5En cuanto al punto (4), i.e., la correlación de espectador y el objeto intencional, intentaremos ilustrarlo rescatando una escultura que difícilmente pasa desapercibida a todo aquel que visita el Museo del Louvre: Milón de Crotona. Esta obra refleja el momento en el que el mítico atleta griego Milón, mientras intentaba partir un árbol con sus propias manos, queda atrapado en el tronco y es devorado por un león. La figura, espeluznante, destaca la torsión y tensión corporales, y la sufrida expresión facial del atleta, a la vez que se recrea en las hendiduras provocadas por la garra del felino, casi en el momento del desgarro, y la violencia del ataque a la parte trasera del personaje. El espectador que se enfrenta a la obra percibe una serie de datos sensoriales que se acoplan a lo que E. Gombrich ha denominado «colocación mental», vale decir, los distintos niveles de expectativas o intenciones que ponemos sobre la mesa cuando nos relacionamos con la ficción. En ese momento, la percepción queda envuelta en una espiral de contextos, valores, creencias, interpretaciones, experiencias, que se alimentan recíprocamente y que el individuo manifiesta a través de, entre otras cosas, sus reacciones emocionales. Naturalmente, el espectador no se encuentra frente a un hecho real; ni el atleta ni el león son de carne y hueso, es más, probablemente ni siquiera existió un tal Milón de Crotona, atleta de los Juegos Olímpicos. Sin embargo, como ya hemos apuntado, no es esta la cuestión. Que un espectador cualquiera quede fascinado ante esta escultura, y sea conducido a la emoción, no es sino el producto de esa indiscirnibilidad de mundos, o de planos, en los que ciertas disposiciones, colocadas de antemano por él, entran en contacto con los datos percibidos y se funden en un complejo ajuste que se mantiene en estado de retroalimentación durante todo el proceso experiencial. Así, resulta ahora muy sencilla la explicación del fenómeno contrario, esto es, cuando el artefacto no logra producir en el espectador ninguna reacción emocional. En este caso, esa especie de simbiosis no se alcanza puesto que la «colocación mental» no es la idónea para que aquélla se dé.

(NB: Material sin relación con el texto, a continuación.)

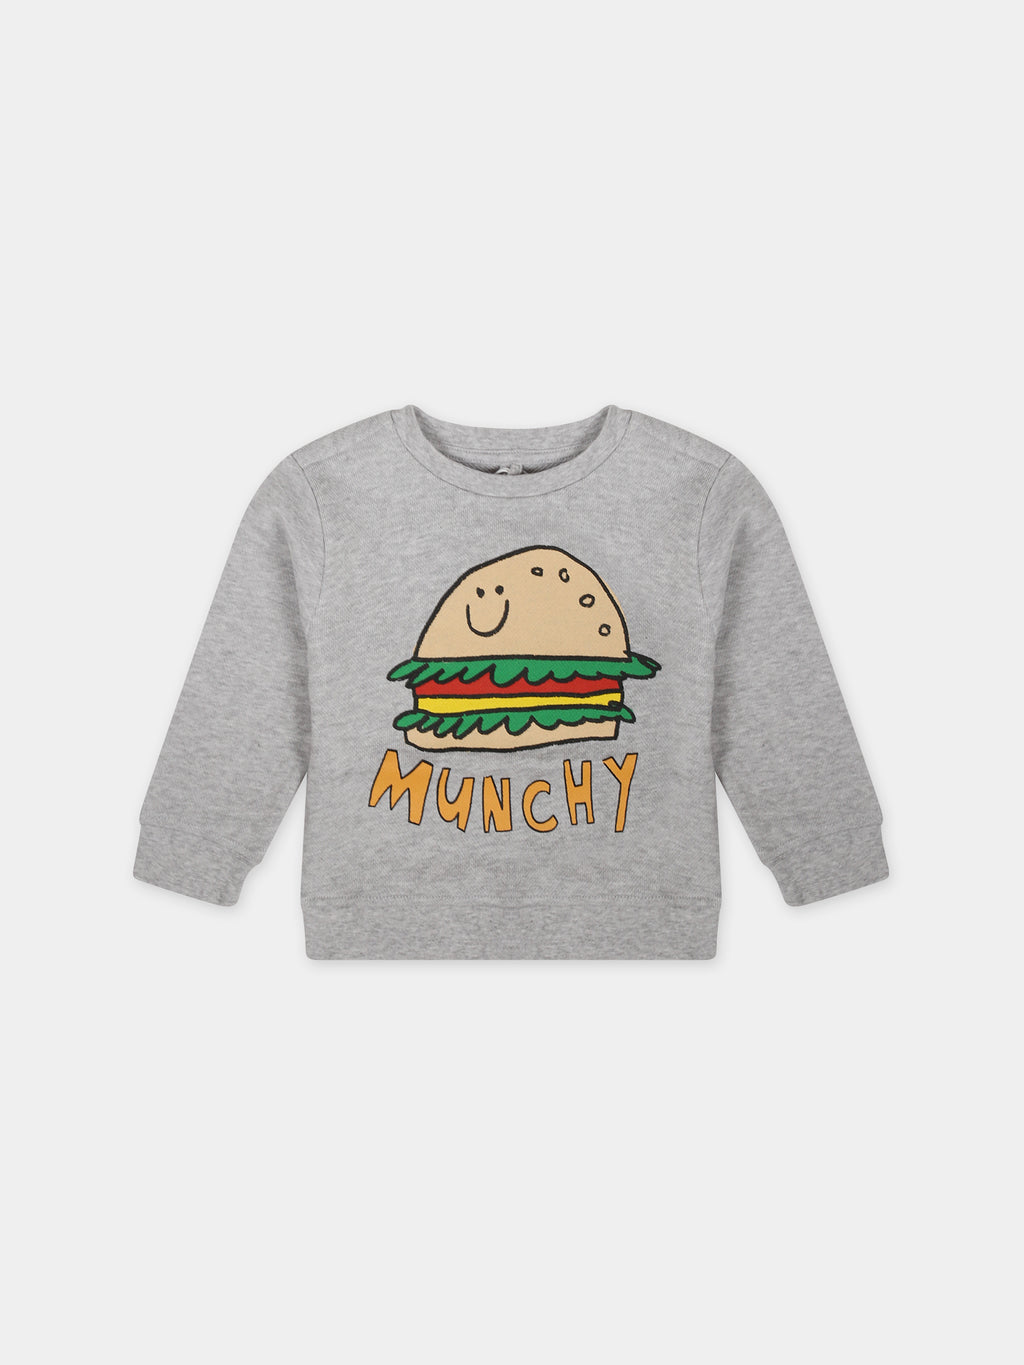 Grey sweatshirt for baby boy with hamburger print

Ponemos ya fin a estas escuetas consideraciones sobre de la «paradoja de la respuesta emocional a la ficción», conscientes de que permanecen en liza muchos interrogantes por resolver, pero satisfechos si han resultado de algún modo constructivas al lector y si pueden contribuir a clarificar por qué nos apenamos por el destino de Ana Karenina.

Puntos de apoyo

M. J. Alcaraz, et al.: «Estética»

E. Gombrich: «Arte e ilusión»

N. Goodman: «Maneras de hacer mundos»

I. Kant: «Crítica del Juicio».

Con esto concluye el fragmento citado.